Example: Drawing balls from a box without replacement (2/3)

Let us consider the probability of getting a red ball in the second draw without observing the first draw. We have two possibilities for the first draw. We got a blue ball (\(B_1\) is true) or a red ball (R_1 is true). In other words, \(B_1\) and \(R_1\) cover all possibilities and are mutually exclusive. We can use the sum rule:

\[\begin{split} \begin{split} p(R_2|I) &= p(R_2|B_1,I)p(B_1|I) + p(R_2|R_1,I)p(R_1|I)\\ &= \frac{2}{3}\frac{2}{5} + \frac{5}{9}\frac{3}{5}\\ &= 0.6. \end{split} \end{split}\]

Example: Drawing balls from a box without replacement (3/3)

If you paid close attention, in all our examples, the conditioning we did followed the causal links.
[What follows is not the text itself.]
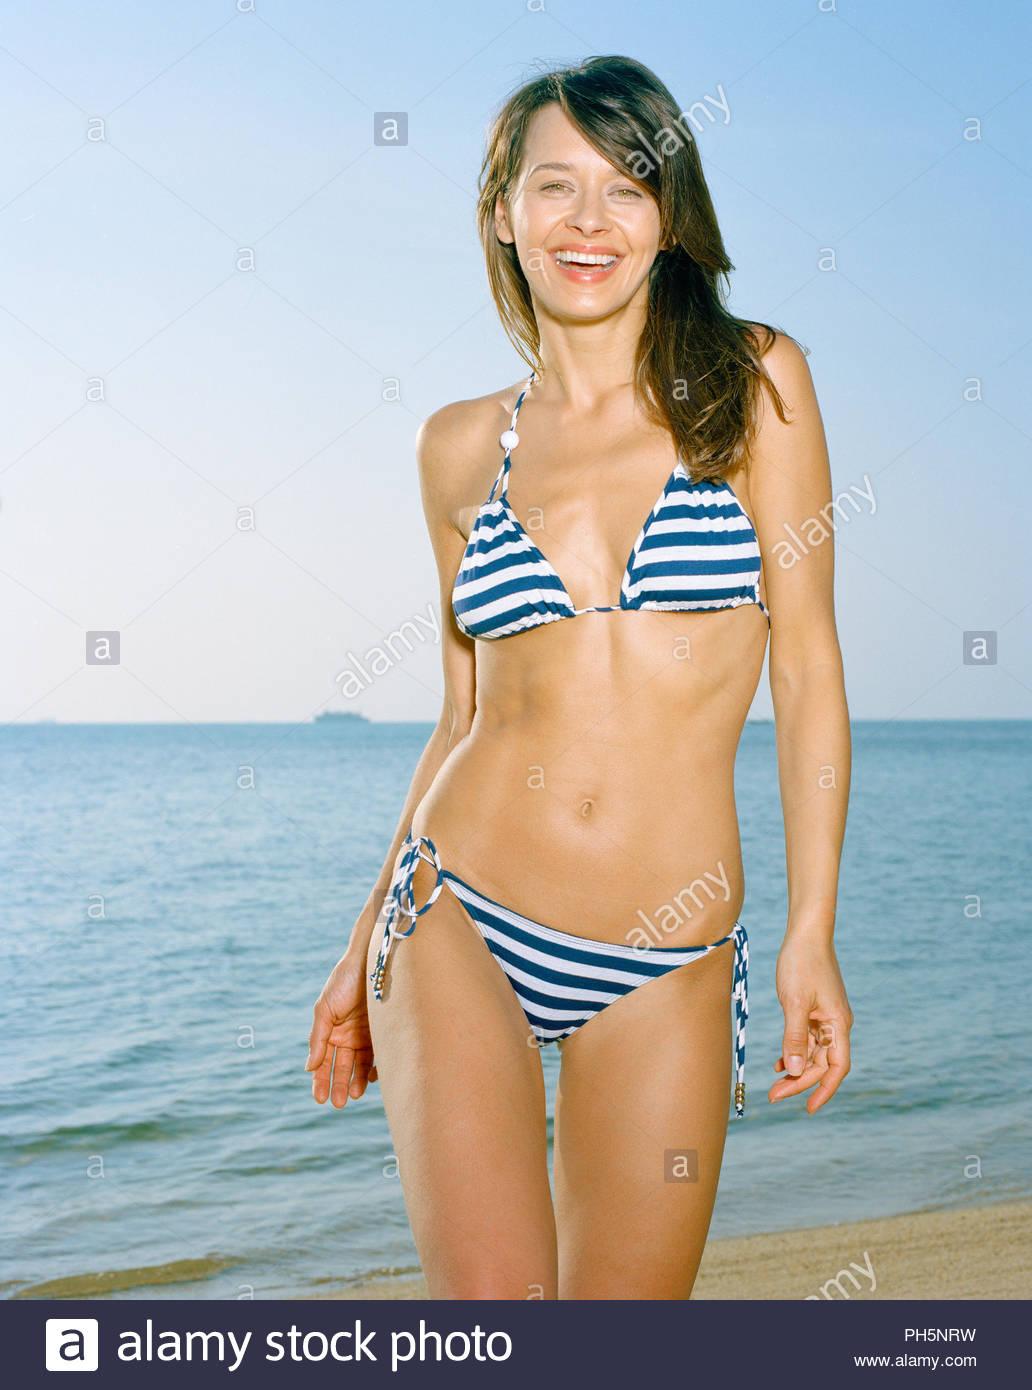 Young woman wearing striped bikini on beach - Stock Image
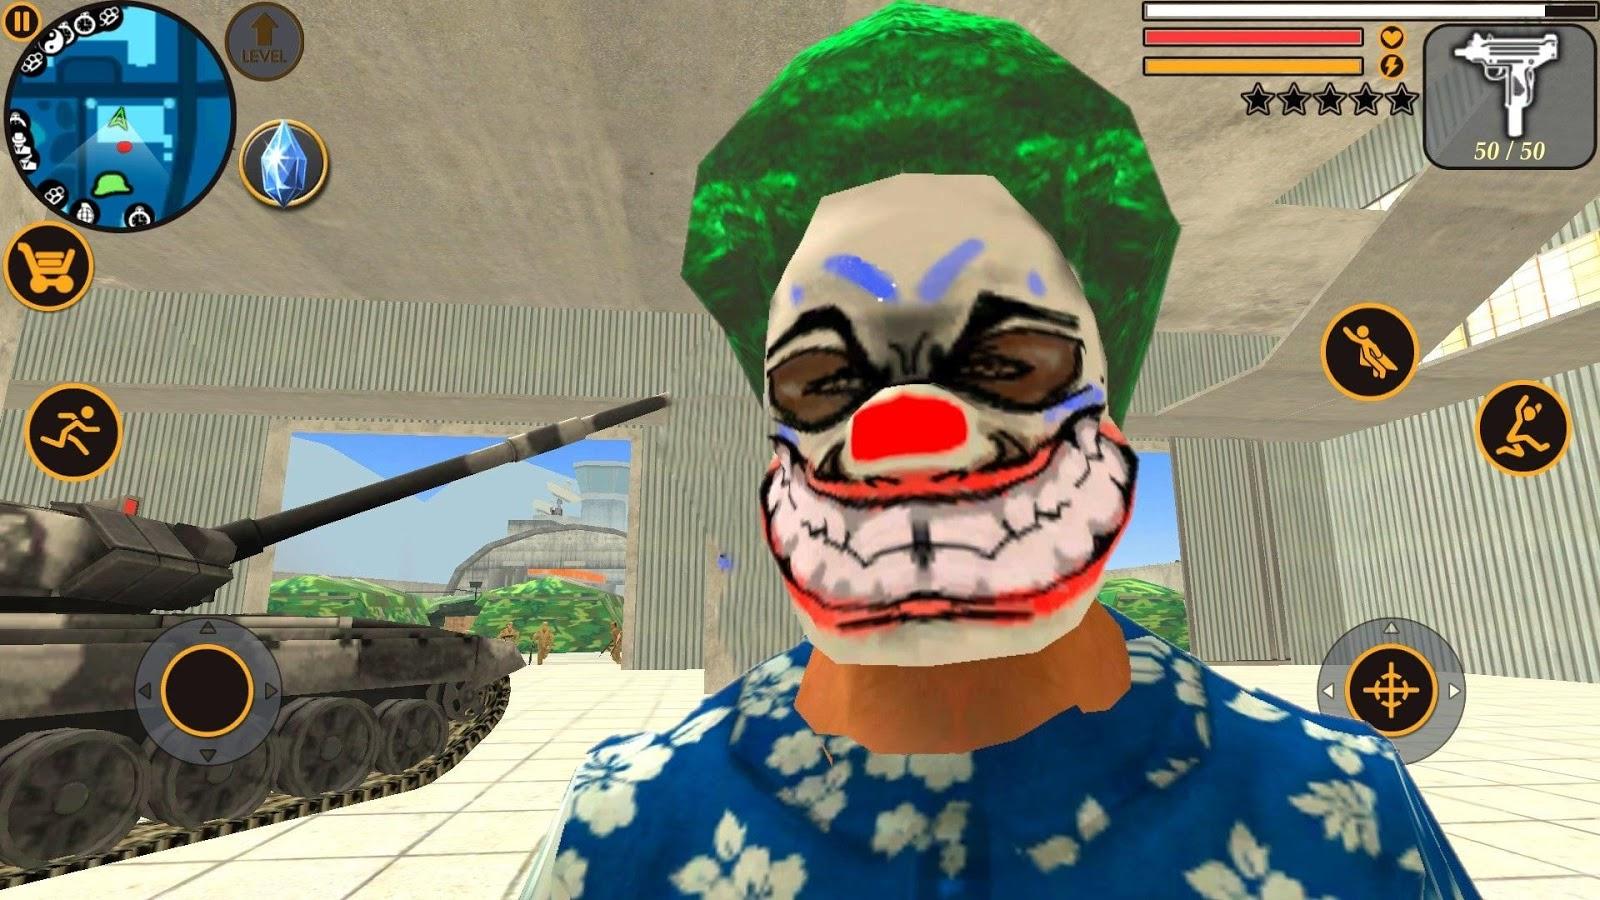 скачать в злом vegas crime simulator 2

For instance, we wrote \(p(R_2|B_1 I)\) for the probability of getting a red ball in the second draw after observing the blue ball in the first draw. However, conditioning on stuff does not have to follow causal links. It is legitimate to ask what the probability of a blue ball is in the first draw, given that you have observed that the result of the second draw is a red ball. I visualize the situation in the following graph:

Show code cell source Hide code cell source

gu4 = Digraph('Urn4')
gu4.node('reds', label='# red balls', style='filled')
gu4.node('blues', label='# blue balls', style='filled')
gu4.node('first', label='1st draw')
gu4.node('second', label='2nd draw', style='filled')
gu4.edge('reds', 'first')
gu4.edge('blues', 'first')
gu4.edge('first', 'second')
gu4.edge('reds', 'second')
gu4.edge('blues', 'second')
gu4.render('urn4_graph', format='png')
gu4

You can write down the mathematical expression \(p(B_1|R_2, I)\). It does not mean that \(R_2\) is causing \(B_1\). What happens here is that observing \(R_2\) changes your state of knowledge about \(B_1\). It is an example of information flowing in the reverse order of a causal link and a quintessential example of the inverse problem. Let’s solve it analytically:

\[\begin{split} \begin{split} p(B_1|R_2,I) &= \frac{p(B_1,R_2|I)}{p(R_2|I)}\\ &= \frac{\frac{4}{15}}{0.6}\\ &\approx 0.44. \end{split} \end{split}\]

The probability is greater than that of drawing a blue ball in the first place, \(p(B_1|I) = 0.4\). Does this make sense? Yes, it does! Here is what you should think:

• You draw a ball without seeing it and put it in a box.

• You draw the second ball, and you see that it is a red one.

• This means you did not pick this red ball in the first draw.

• So, it is as if, in the first draw, you had one less red to worry about, which increases the probability of a blue.

• So, it is as if you had five red balls and four blue balls, giving you a probability of blue \(\frac{4}{9}\approx 0.44\).

It is amazing! It agrees perfectly with the prediction of the product rule. Recall that one of our desiderata is that if you compute something in two different ways, you should get the same result. You can rest assured that it is impossible to get the wrong answer as soon as you use the product rule, the sum rule, and logic.